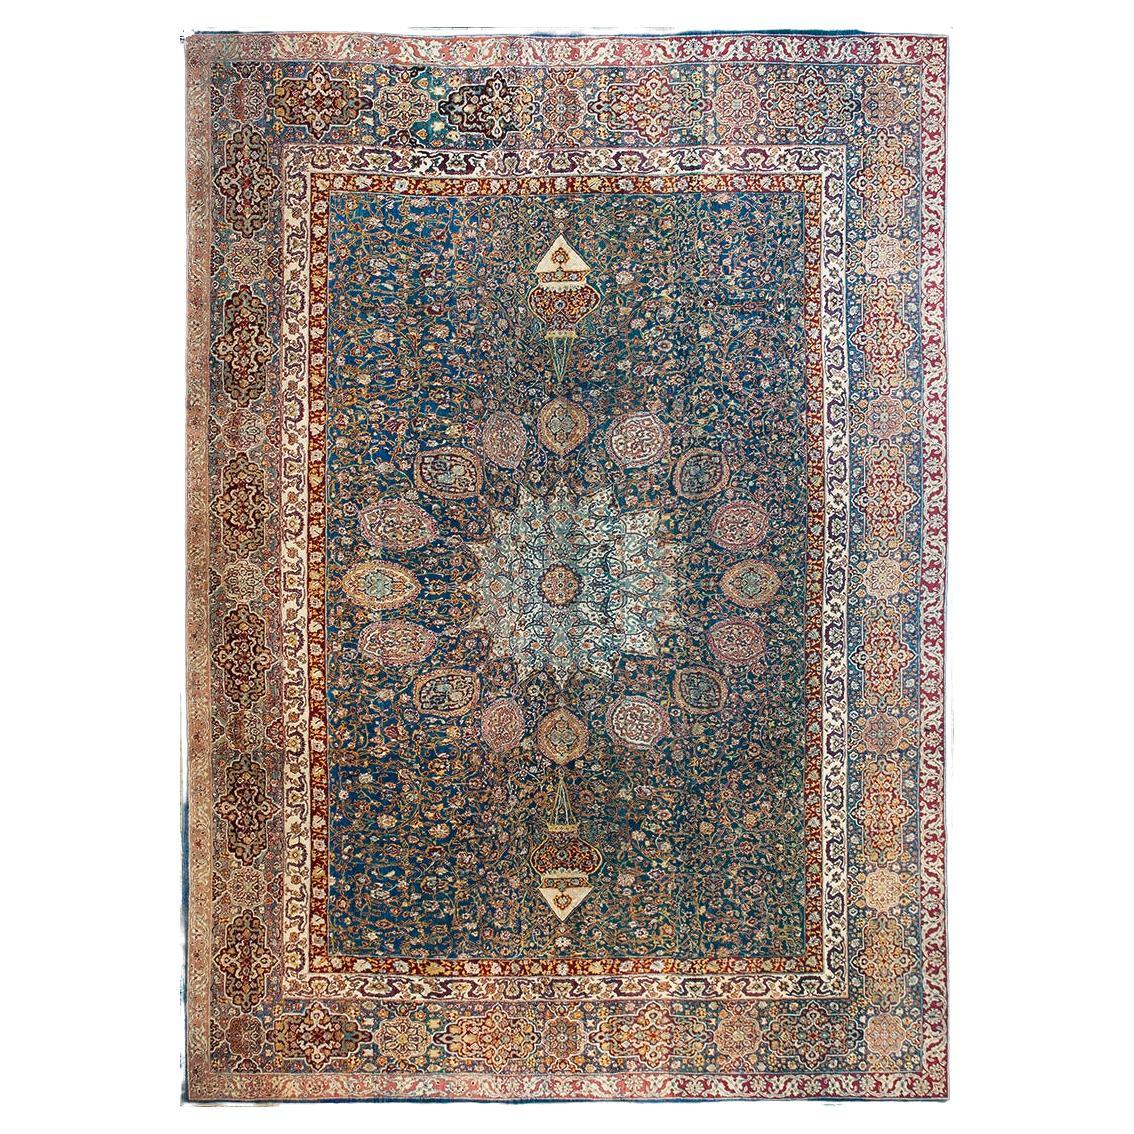 Indischer Agra-Teppich des späten 19. Jahrhunderts ( 10'8" - 14'10" - 325 x 452")
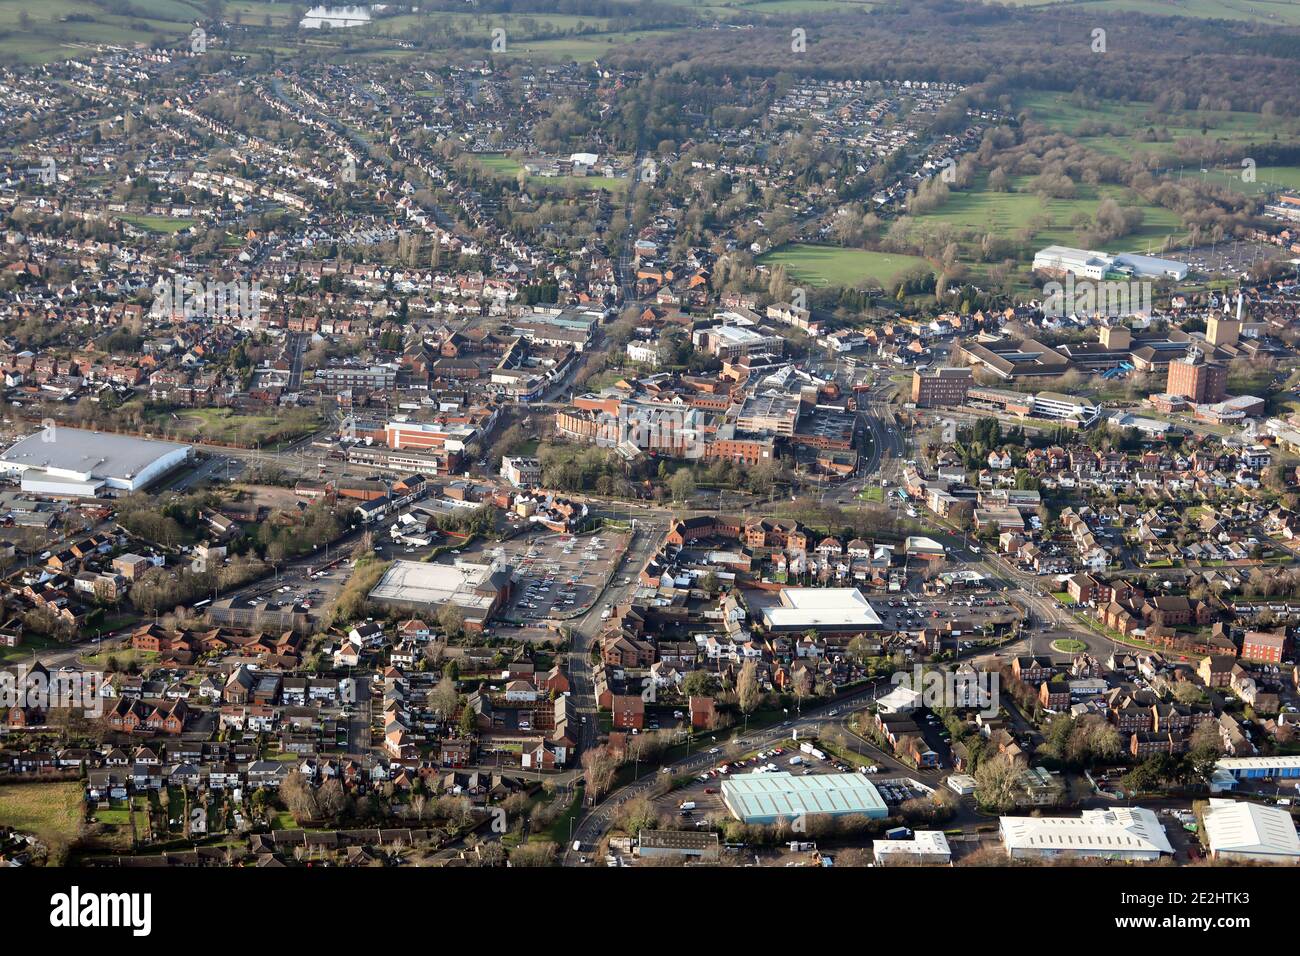 Vue aérienne du centre-ville de Cannock avec le supermarché Morrisons en avant-plan, et le centre commercial Cannock plus en arrière Staffordshire, Royaume-Uni Banque D'Images
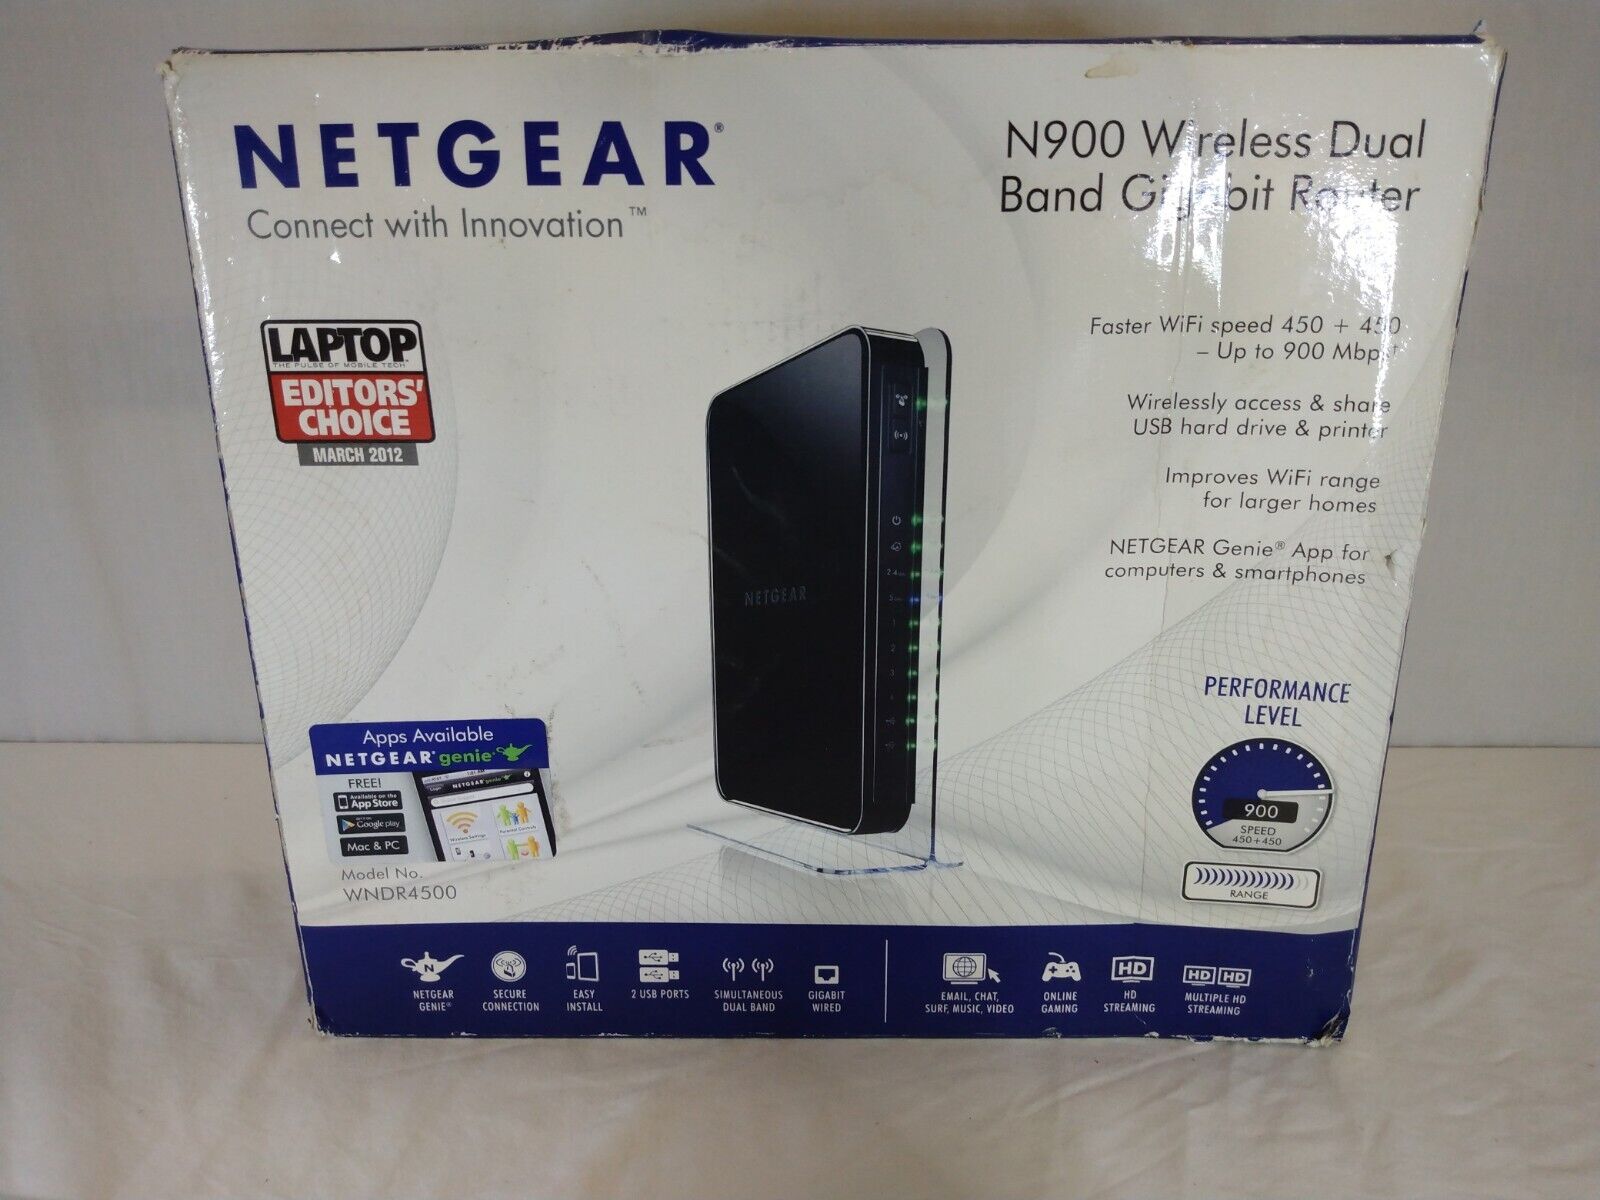 Netgear N900 450 Mbps 4-Port Gigabit Wireless Router (WNDR4500) New - Open Box
++++++
EXERCISE AIM:
Write out the material above exactly, and omit the pictures it holds.

RESPONSE BELOW:
 Indischer Agra-Teppich des späten 19. Jahrhunderts ( 10'8" - 14'10" - 325 x 452")
 Vue aérienne du centre-ville de Cannock avec le supermarché Morrisons en avant-plan, et le centre commercial Cannock plus en arrière Staffordshire, Royaume-Uni Banque D'Images
 Netgear N900 450 Mbps 4-Port Gigabit Wireless Router (WNDR4500) New - Open Box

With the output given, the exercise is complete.